Configuring Docker Compose

This page describes how to use the provided compose.yaml file to start AnyVar alongside its dependencies, and highlights some configuration options you can customize for your environment.

Overview

The compose file defines four main services:

  • seqrepo – provides a SeqRepo instance on a Docker volume

  • uta – UTA database in a PostgreSQL container

  • anyvar_db – PostgreSQL database for AnyVar

  • anyvar – the AnyVar web API, configured to use SeqRepo, UTA, and the AnyVar DB

It also defines three Docker volumes:

  • seqrepo_vol – storage for SeqRepo data

  • uta_vol – storage for the UTA PostgreSQL data directory

  • anyvar_vol – storage for the AnyVar PostgreSQL data directory

All three volumes are declared as external: true, so they must exist before you run docker compose up. For example:

docker volume create seqrepo_vol
docker volume create uta_vol
docker volume create anyvar_vol

SeqRepo Options

The compose file supports several patterns for providing a SeqRepo database to AnyVar, depending on whether you want Docker to manage the data or reuse an existing SeqRepo on your local filesystem.

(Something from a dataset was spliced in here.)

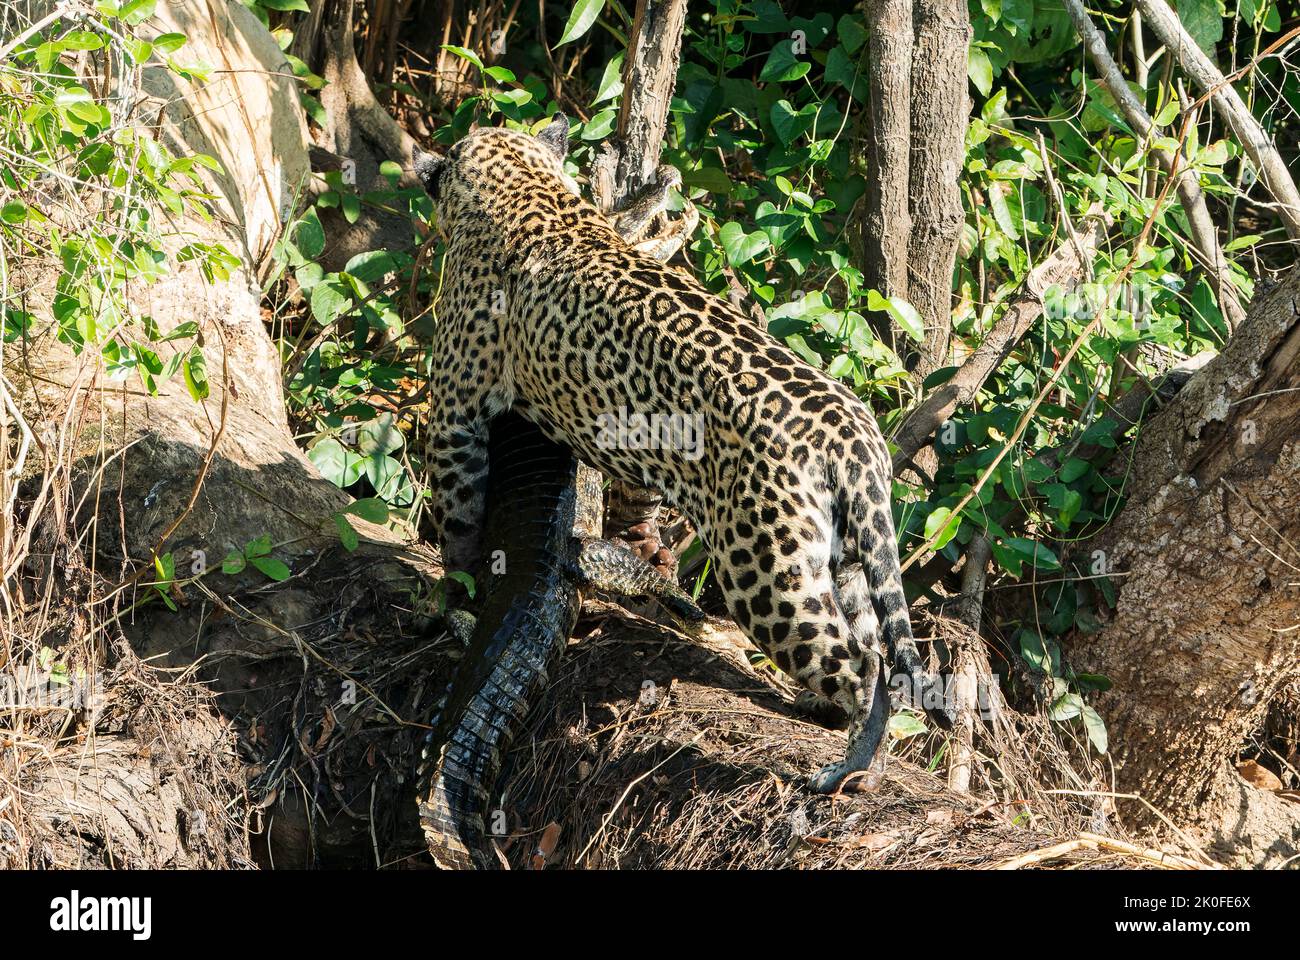 Jaguar, Panthera onca, adult carrying caiman prey, Pantanal, Brazil Stock Photo

Using the bundled SeqRepo container (default)

By default, the compose file runs a seqrepo container that mounts the seqrepo_vol volume at /usr/local/share/seqrepo:

seqrepo:
  image: biocommons/seqrepo:2024-12-20
  volumes:
    - seqrepo_vol:/usr/local/share/seqrepo

The anyvar service then mounts the same volume and points its configuration at the 2024-12-20 snapshot:

anyvar:
  volumes:
    - seqrepo_vol:/usr/local/share/seqrepo
  environment:
    - SEQREPO_INSTANCE_DIR=/usr/local/share/seqrepo/2024-12-20
    - SEQREPO_DATAPROXY_URI=seqrepo+file:///usr/local/share/seqrepo/2024-12-20

This is the simplest option if you are happy to let Docker manage the SeqRepo storage in an external volume.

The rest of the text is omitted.